Due to these methodological challenges, existing studies have mostly computed health expectancy or other multistate life expectancies assuming that individual's sociodemographic characteristics remain constant over time. The literature focuses heavily on differences across time-invariant factors such as sex, race/ethnicity, and education. A few studies have explored time-varying variables such as urban/rural residence (Liu et al. 2019) and marital status (Martikainen et al. 2014) by assuming these variables remain unchanged in later life. A small body of recent studies has attempted to include time-varying variables by including them in the state space, an approach that we hereafter call the “complex multistate model (CMM).” Jia and Lubetkin (2020) combined marital and disability status into a CMM with two disability states and five different states of marital status. The resulting state space is extremely large, with many transition probabilities needing estimation. Estimating accurate transition probabilities for such a large, complex state space requires a massive amount of data, and Jia and Lubetkin (2020) used data from Medicare Health Outcomes Survey comprising over 160,000 respondents. Huang et al. (2021) computed the health expectancy of older Chinese adults combining physically active and cognitive impairment-free life in a CMM. Yet, their state space omitted some of the possible states without further explanation. Another paper by Shen and Payne (2023) developed a multidimensional extension to prior work on health expectancy by simultaneously modeling changes in morbidity and disability across a set of cohorts in the U.S. Health and Retirement Survey (HRS). However, they used a simple state space of five states (using binary measures of any vs. no morbidities and any vs. no disability) to estimate these quantities, even with the substantial sample size of the HRS.

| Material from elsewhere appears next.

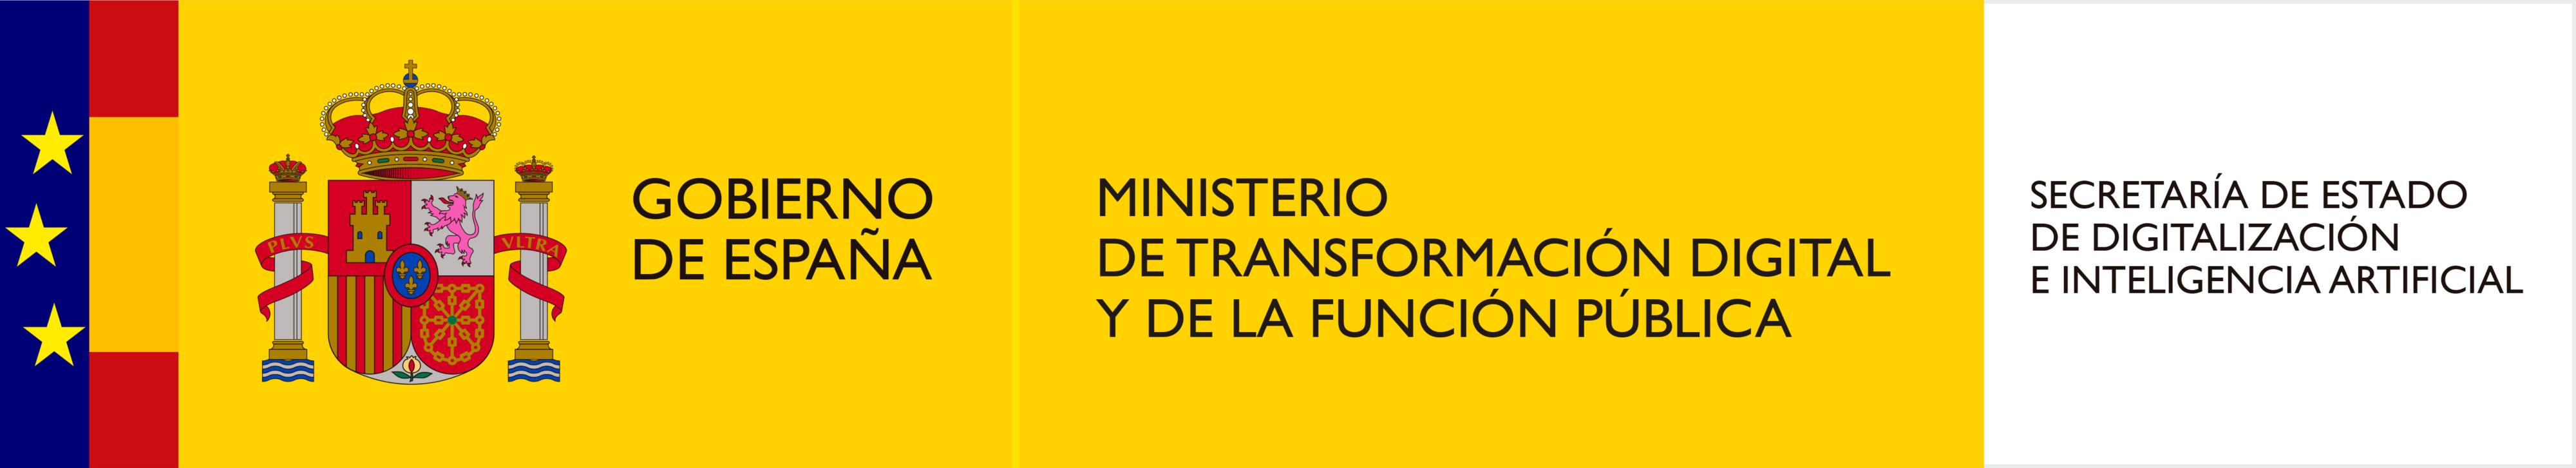 Logo del ministerio de transformación digital

An active strain of research on multistate methods has sought to overcome some of the limitations associated with estimating health expectancies in complex state spaces. A recent paper by Lynch and Zang (2022) used a Bayesian approach to account for issues of data sparsity when estimating quantities in CMMs. This, to some extent, could be helpful when transition events between some states are rare. However, they still experienced convergence issues due to sparsity in the transition matrix in their 10-state example. Other studies have also sought to incorporate time-varying variables using methods other than the traditional multistate model. Chiu (2019) computed the disability-free life expectancy by living arrangements in the U.S.A., claiming that living arrangement is treated as a time-varying covariate in the model. However, the description of the method is unclear about how this time-variant covariate was operationalized. Only one method—the simultaneous equation system used by Yang and Hall (2008)—appears to address this issue. This method estimates health expectancy with several time-variant covariates (i.e., body mass index, medical events, and chronic diseases) within a system of equations. Yet, little existing research has applied this method, partly due to its statistical complexity. Thus, the aim of this paper was to develop a simple and generalizable method to allow increased complexity of coevolution in multistate models, such as multiple dimensions of health, or interactions between health and socioeconomic variables, when estimating health expectancies or other multistate life expectancies.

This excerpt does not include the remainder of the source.